Why is the uniform limit of strongly measurable functions in turn strongly measurable?

Question

Let $(S, \Sigma, \mu)$ be a measure space. Let $X$ be a Banach space over $\mathbb R$ or $\mathbb C$. Call a function $x : S \to X$ strongly measurable if there exists a sequence of simple functions $\langle s_n\rangle$ such that $s_n \to x$ almost everywhere. It's known that a function $x : S \to X$ is strongly measurable if and only if it is weakly measurable (for each $f \in X^\ast$ the composition $f \circ x$ is $\Sigma$-measurable as a real function $S \to \mathbb R$) and essentially separately valued. (there exists a null set $N \subseteq S$ such that $x(S \setminus N)$ is separable)

I'm trying to prove this fact. I've checked both Pettis (very last line above Cor 1.11 in https://www.jstor.org/stable/1989973) and Yosida's proofs and they both state without proof on the very last line that the uniform limit of strongly measurable functions is strongly measurable. Specifically a sequence $\langle x_n\rangle$ is constructed that is strongly measurable and converges uniformly to $x$, and this must virtually immediate imply $x$ is strongly measurable, but I'm not seeing why. If you have $s_{n, k} \to x_n$ a.e. pointwise you can split $$\lVert x(t) - s_{n, k}(t)\rVert \le \lVert x(t) - x_n(t)\rVert + \lVert x_n(t) - s_{n,k}(t)\rVert$$ Controlling the first term is easy by uniform convergence, and so is the other term pointwise, (my idea was to essentially take $n$ and $k$ jointly to $\infty$ but this seems difficult without at least almost uniform convergence of the $s_{n, k}$) but not uniformly in $t$. How do I proceed?

Answer 1

If I am not mistaken, the proofs are done for finite measure space. Here is the end of the proof as hinted in the book by Diestel and Uhl. Honestly, I do not see a proof that makes use of the uniform convergence.

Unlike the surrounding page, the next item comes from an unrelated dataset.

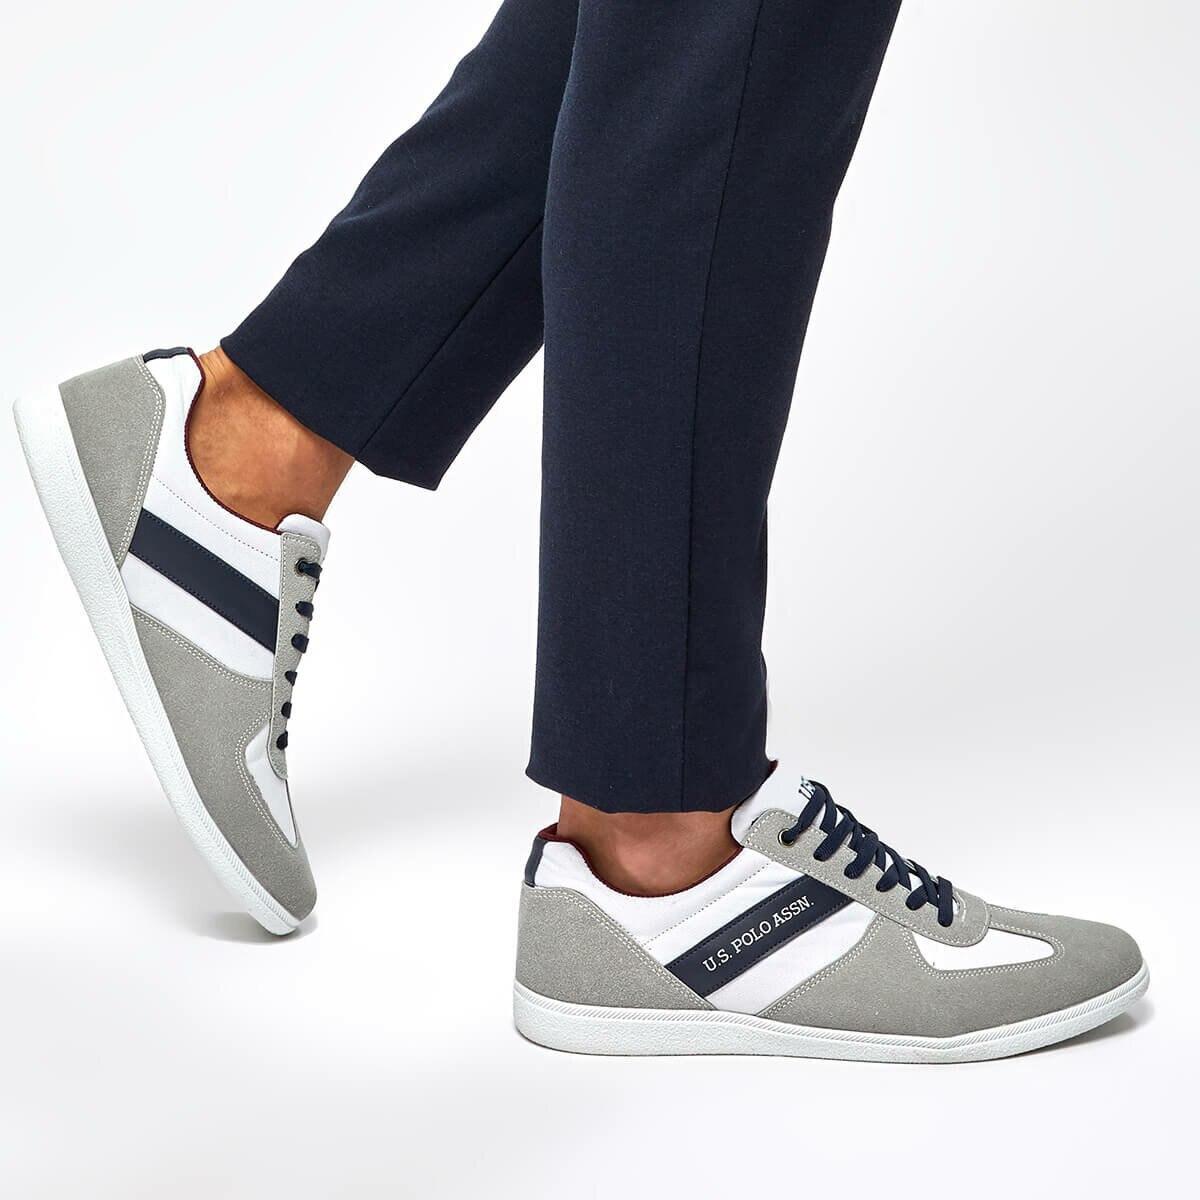 FLO VARIAL White Men 'S Sneaker Shoes U.S. POLO ASSN.

The functions $x_n$ are of the form $$ x_n = \sum_i \chi_{A_{n,i}} x_{n,i}, $$ where $A_{n,i}$ are measurable, $A_{n,i} \cap A_{n,j}=\emptyset$ for all $n$ and $i\ne j$, and $\bigcup_i A_{n,i}= S$.

Then for each $n$ there is a number $I_n$ such that $$ \mu( S\setminus \bigcup_{i=1}^{I_n} A_{n,i}) \le \frac 1{n^2}, $$ here we used $\mu(S)<\infty$. Define $$ s_n := \sum_{i=1}^{I_n} \chi_{A_{n,i}} x_{n,i}, $$ and denote its support by $B_n:=\bigcup_{i=1}^{I_n} A_{n,i}$.

Let $t\in S$. If $t \in \bigcap_{n=N}^\infty B_n$ for some $N$, then $s_n(t) = x_n(t)$ for $n>N$ and $s_n(t) \to x(t)$ for $n\to \infty$. This implies that we have pointwise convergence of $s_n$ to $x$ on the set $\bigcup_{N=1}^\infty \bigcap_{n=N}^\infty B_n$. This is the union of an increasing sequence of sets, so $$ \mu( \bigcup_{N=1}^\infty \bigcap_{n=N}^\infty B_n) = \lim_{N\to\infty}\mu(\bigcap_{n=N}^\infty B_n) = \mu(S) - \lim_{N\to\infty}\mu ( \bigcup_{n=N}^\infty (S\setminus B_n)) \ge \mu(S) - \lim_{N\to\infty}\sum_{n=N}^\infty \frac1{n^2} =\mu(S). $$ Hence, pointwise convergence happens on a set of full measure.